Reflecting consistency on climate diplomacy between successive governments, Union environments, forests and climate change minister Prakash Javadekar pitched ‘poverty eradication’ as the over-riding aim of the Sustainable Development Goals that the UN has to fix by 2015.
Javadekar was speaking at the ministerial plenary of the United Nations Environment Assembly in Nairobi on Thursday.
In 2012, the UN member countries decided to establish global Sustainable Development Goals (SDG) by 2015 as an upgrade of the Millenium Development Goals with three key pillars – economic, social and environmental concerns – being addressed. Negotiations are currently underway between the UN member countries to set these targets. Since 2012 the developed countries have pushed hard to integrate environmental targets emphatically in the goals and the developing countries have come together to demand a more balanced approach with poverty eradication and development being as central pillars.
Javadekar’s speech in Nairobi, made it unequivocally clear that the NDA government would only push further along the lines that the UPA government had earlier taken in these negotiations.
“Poverty eradication…must remain the central and overarching objective of the SDGs and the post-2015 development agenda,” Javadekar said.
“The SDGs and the Post-2015 Development Agenda must be universal in nature and cannot remain a series of policy prescriptions from the North to the South unlike the MDGs,” he added emphasising that the principle of equity and common but differentiated responsibilities would dictate the goals.
Countering the building pressure from developed economies, he said, “While the social and environmental pillars tend to gain prominence, it is important to underscore that the economic pillar is the foundation of sustainable development and must be adequately addressed and elaborated.”

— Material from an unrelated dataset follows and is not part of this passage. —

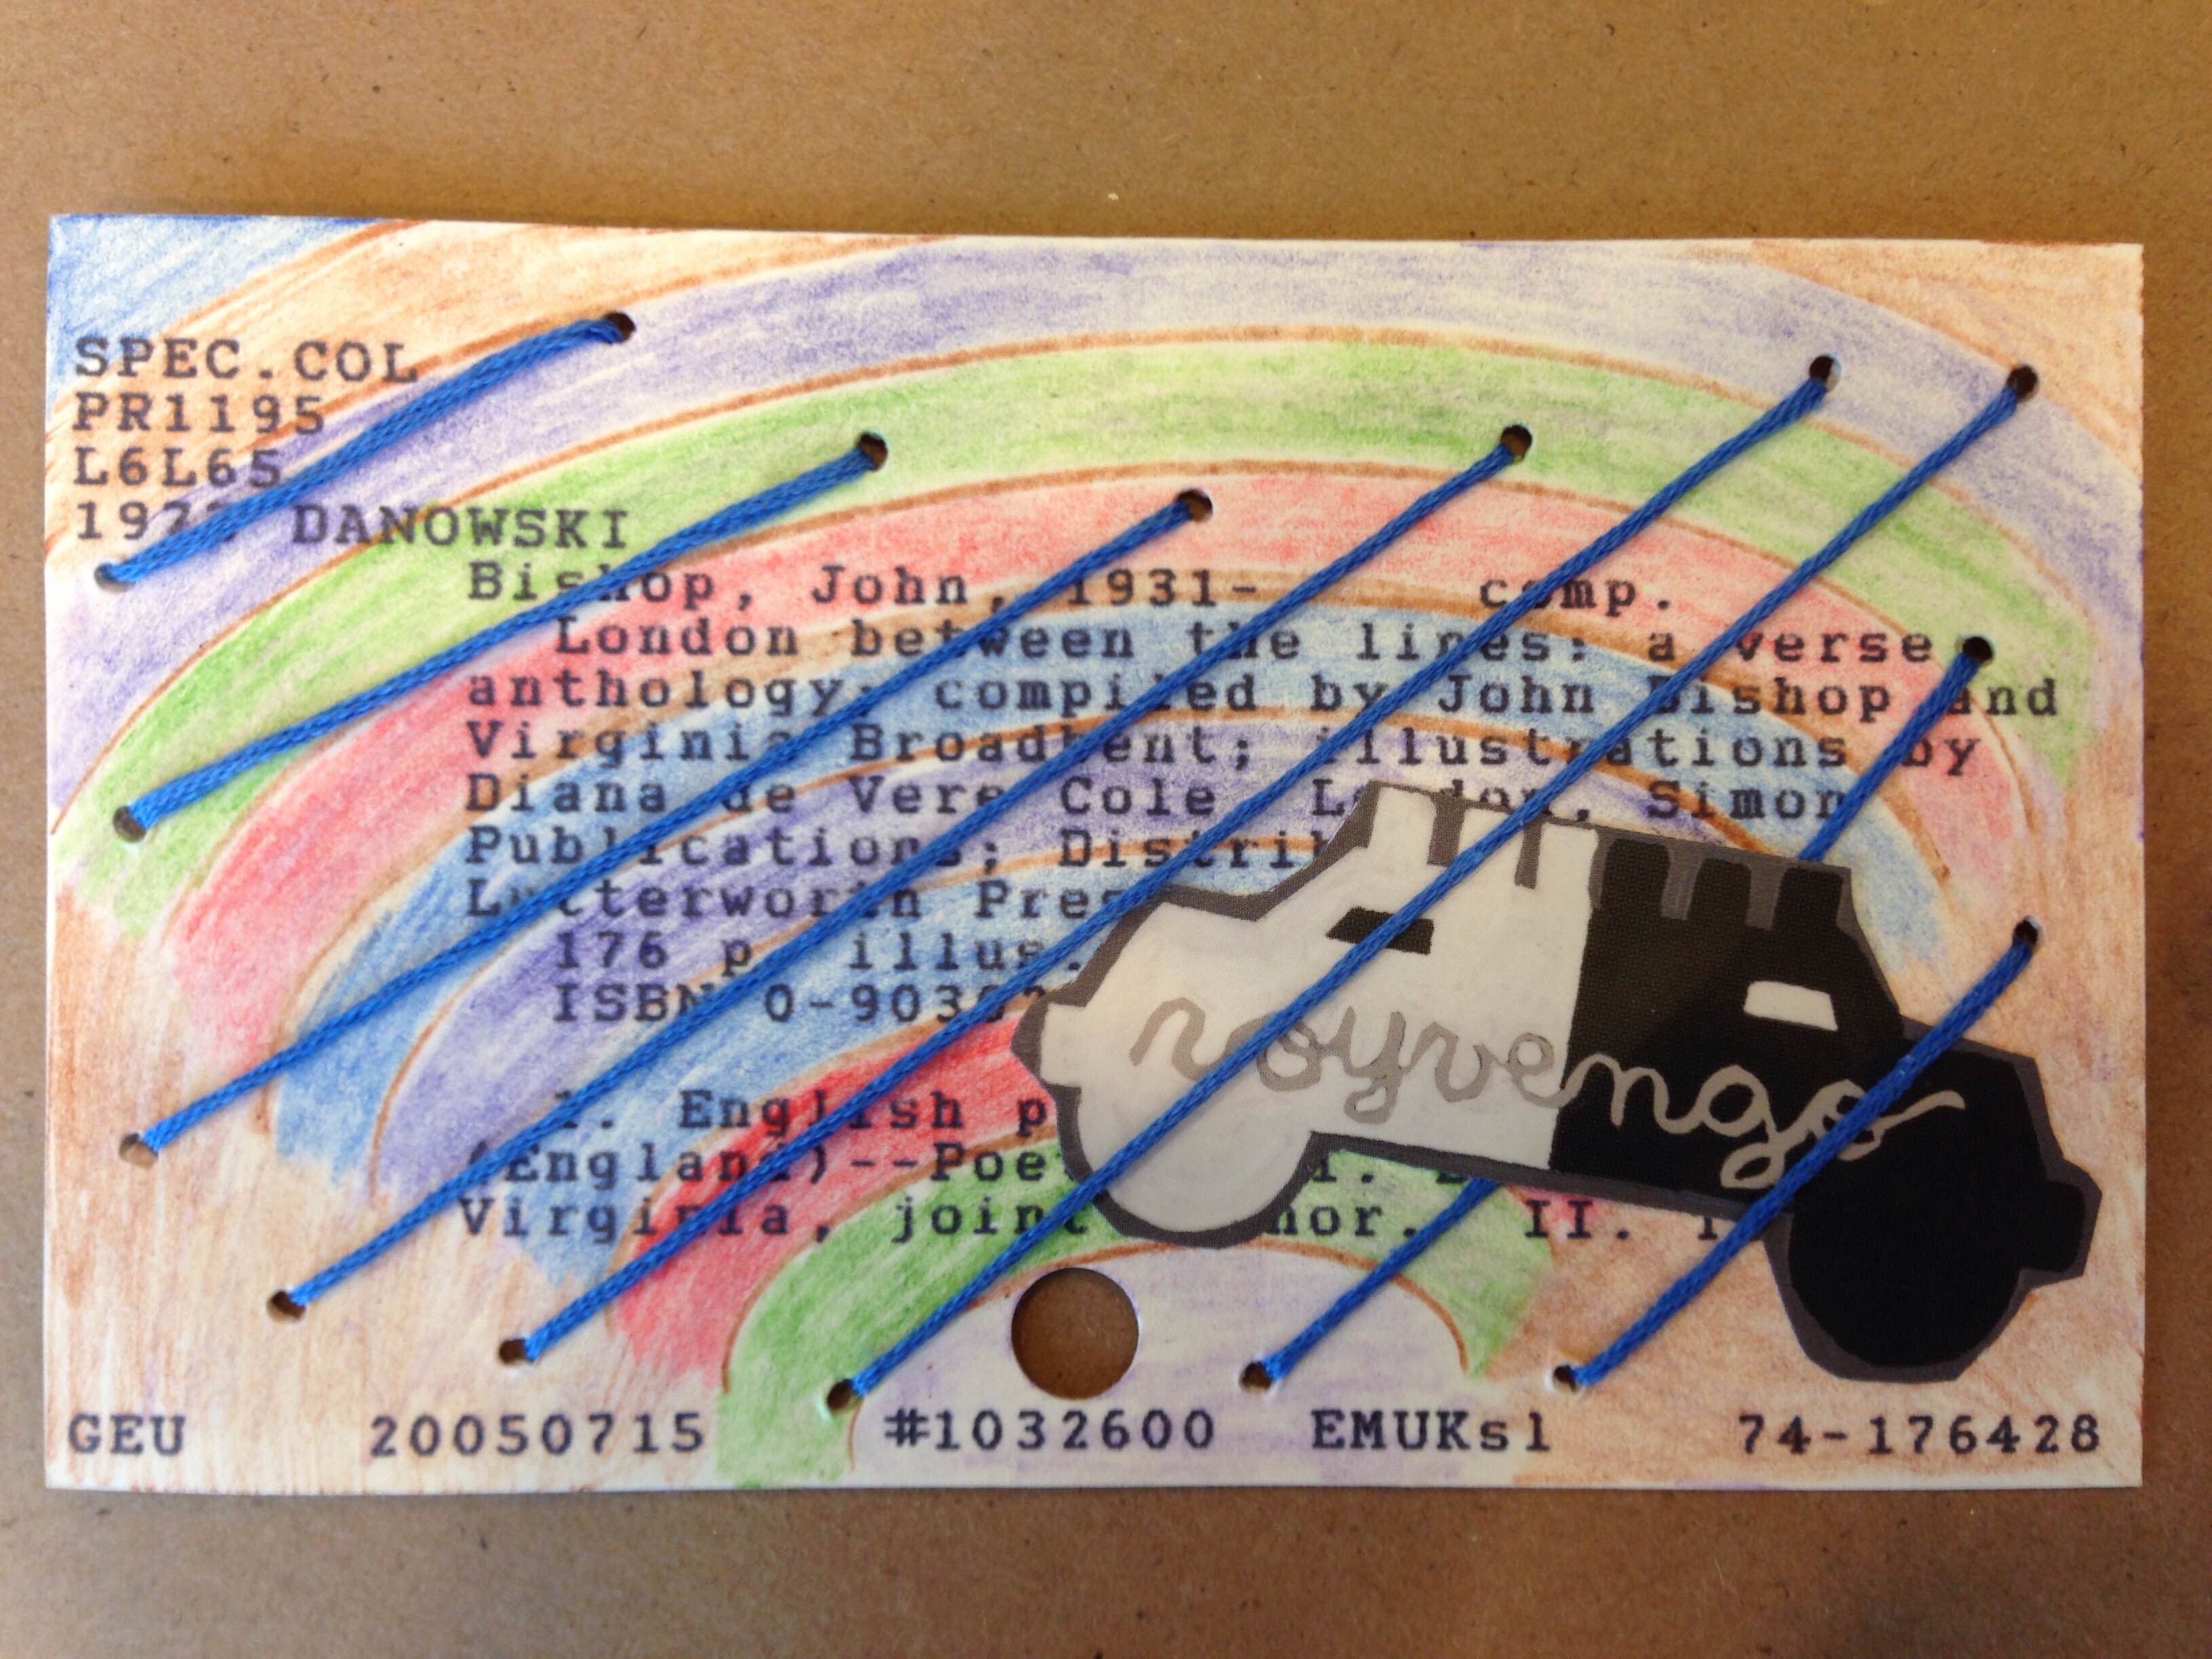 Card catalog card decorated with colored pencil in elliptical lines and blue embroidery thread in diagonal lines across the card. There is also a cut out illustrated car tucked between the thread.

Taking the battle in to the developed countries he added, “The central importance of sustainable production and consumption cannot be overemphasized. There is sheer inequity in consumption of world’s resources.” The developed countries have opposed setting a separate goal on this count which would push the rich nations to bring their consumption levels to sustainable levels.
He also asked that the $100 billion Green Fund (which is to come about by 2020 through contributions of the developed countries) should be used to buy out costly IPRs of green technologies to provide these free to poor nations.
Javedakar also demanded that the ministerial declaration at the Nairobi meet should be only a summary of proceedings (which works more as advisory and carry no legal weight) rather than another negotiated document that pre-judges the actual negotiations underway on SDGs in New York between countries.
Showing yet again that India was coordinating closely with other developing countries including China on environmental negotiations, Javadekar said he backed the G77 & China submission to include a stand-alone goal on means of implementation (finance and technology from the developed world) in the final outcome of the SDG talks.